The 33rd Indian Mountain Regiment, Royal Indian Artillery was an artillery regiment of the Indian Army during World War II, which fought in the Burma Campaign and South-East Asia.

== Service ==
The 33rd Mountain Regiment was formed in September 1944 by amalgamating the 34th Battery of the 30th Mountain Regiment and the 19th (Maymyo) Battery. It was initially under the command of Lieutenant-Colonel R. Ellis and garrisoned at Ambala Cantonment. The regiment primarily comprised Sikh, Ahir and Punjabi native soldiers and British officers, and was equipped with the QF 3.7-inch mountain howitzer transported by mules. It was attached to the 25th Indian Infantry Division from its inception and by October 1944, it was participating in the Arakan Campaign. For much of the campaign, the regiment was understrength and was consequently directly attached to brigades in a support role rather than acting as divisional artillery.

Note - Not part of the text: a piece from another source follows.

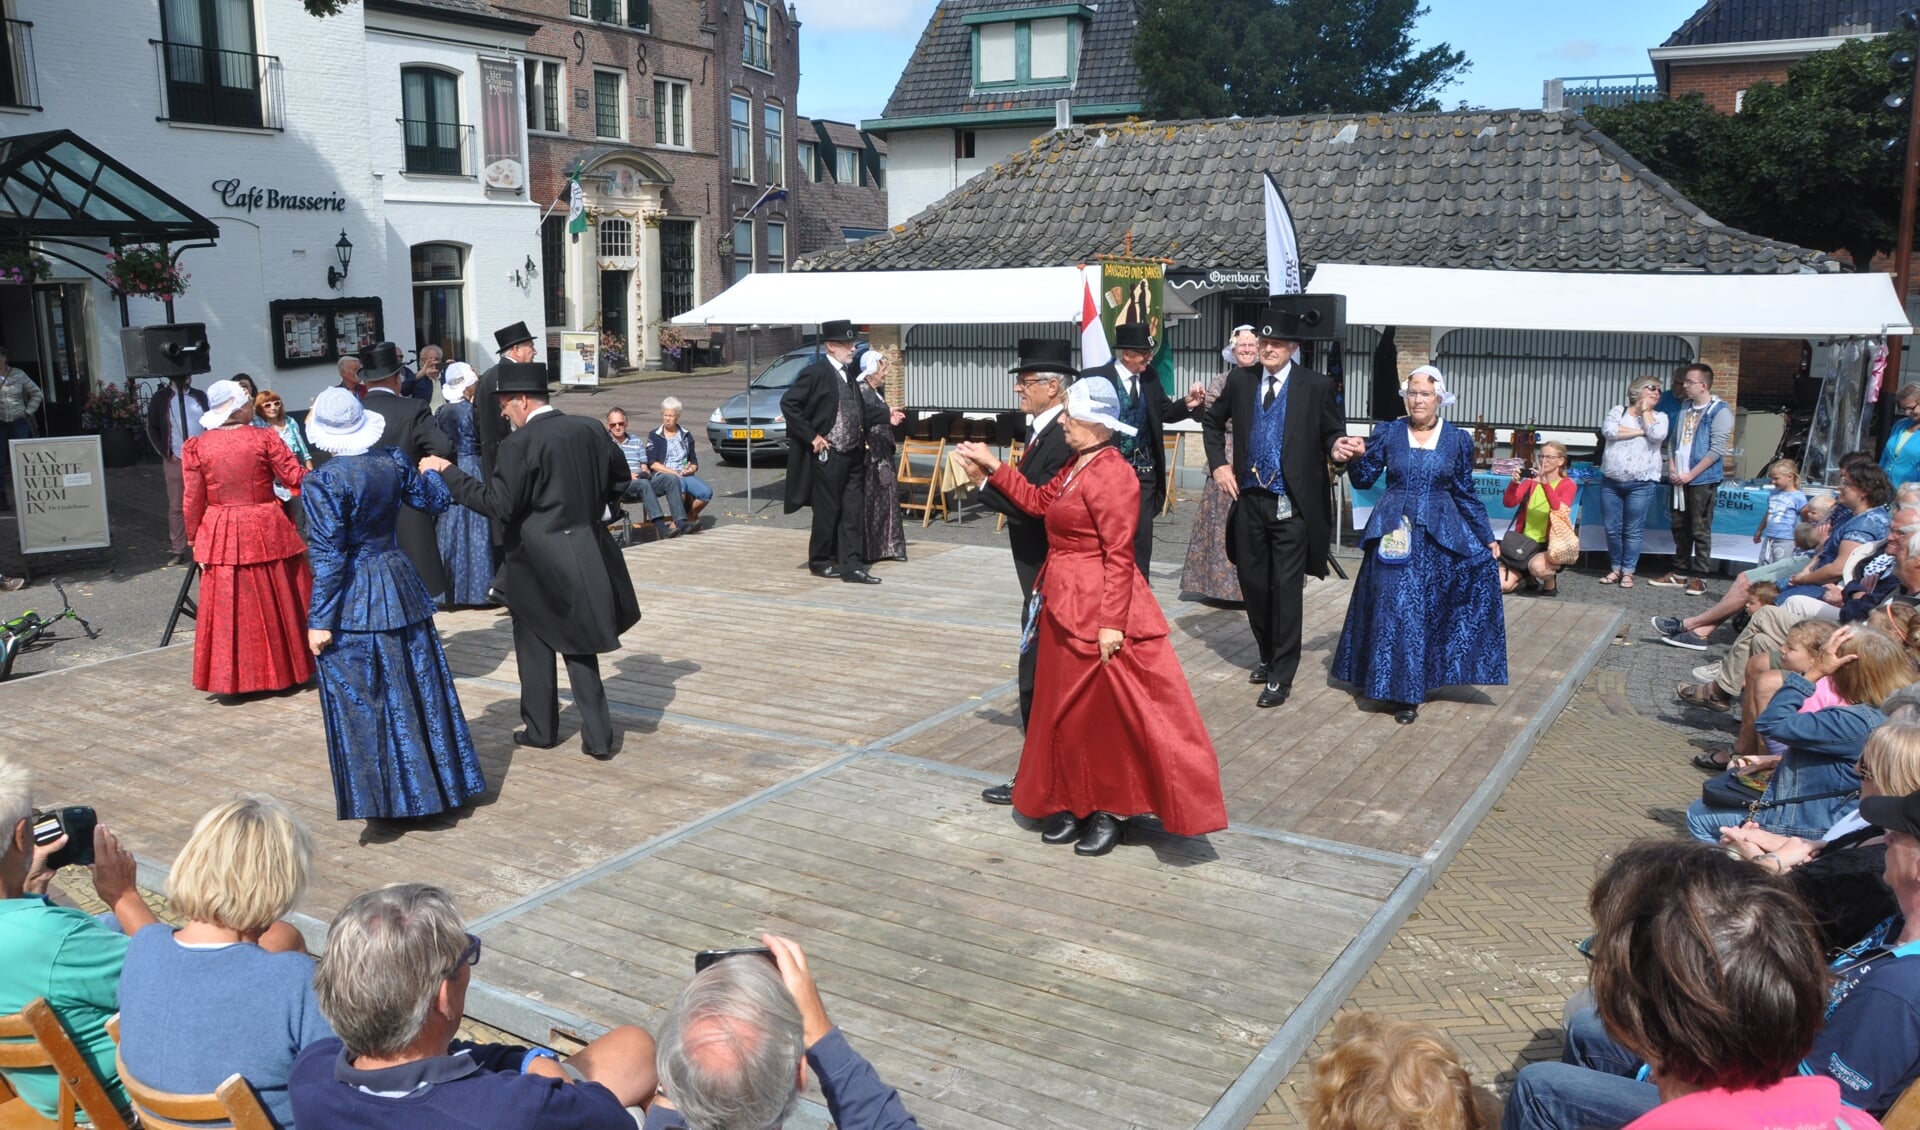 Oude dansen in het centrum van Den Burg.

In late 1944, the 33rd Mountain Regiment was attached to the 53rd Indian Infantry Brigade. It was trained for an amphibious assault on the north-west corner of the Akyab peninsular, to be followed by the capture of Akyab from the landward side. In December 1944, the regiment was involved in the capture of Kudaung island to the north of Akyab, using rafts to travel down the Kaladan River and landing on the banks to engage the Japanese. While crossing at Kwazu on 29 December 1944, a raft containing a sub-section of 34th Battery overturned and thirteen Indian soldiers drowned. The howitzers of the regiment were engaged in the successful capture of Akyab on 4 January 1945 and the capture of Myebon on 18 January. The 25th Division was then transferred to India, with the 33rd Mountain Regiment arriving in Madras in May 1945. Here the regiment was made up to strength with the addition of the 35th Indian Mountain Battery.

In August 1945, the regiment left India and participated in Operation Zipper. It entered Kuala Lumpur in Christmas 1945 where the regiment was mustered out, with the regiment's Ahirs going to 2nd Mountain Regiment and the Punjabi Muslims to 23rd Mountain Regiment.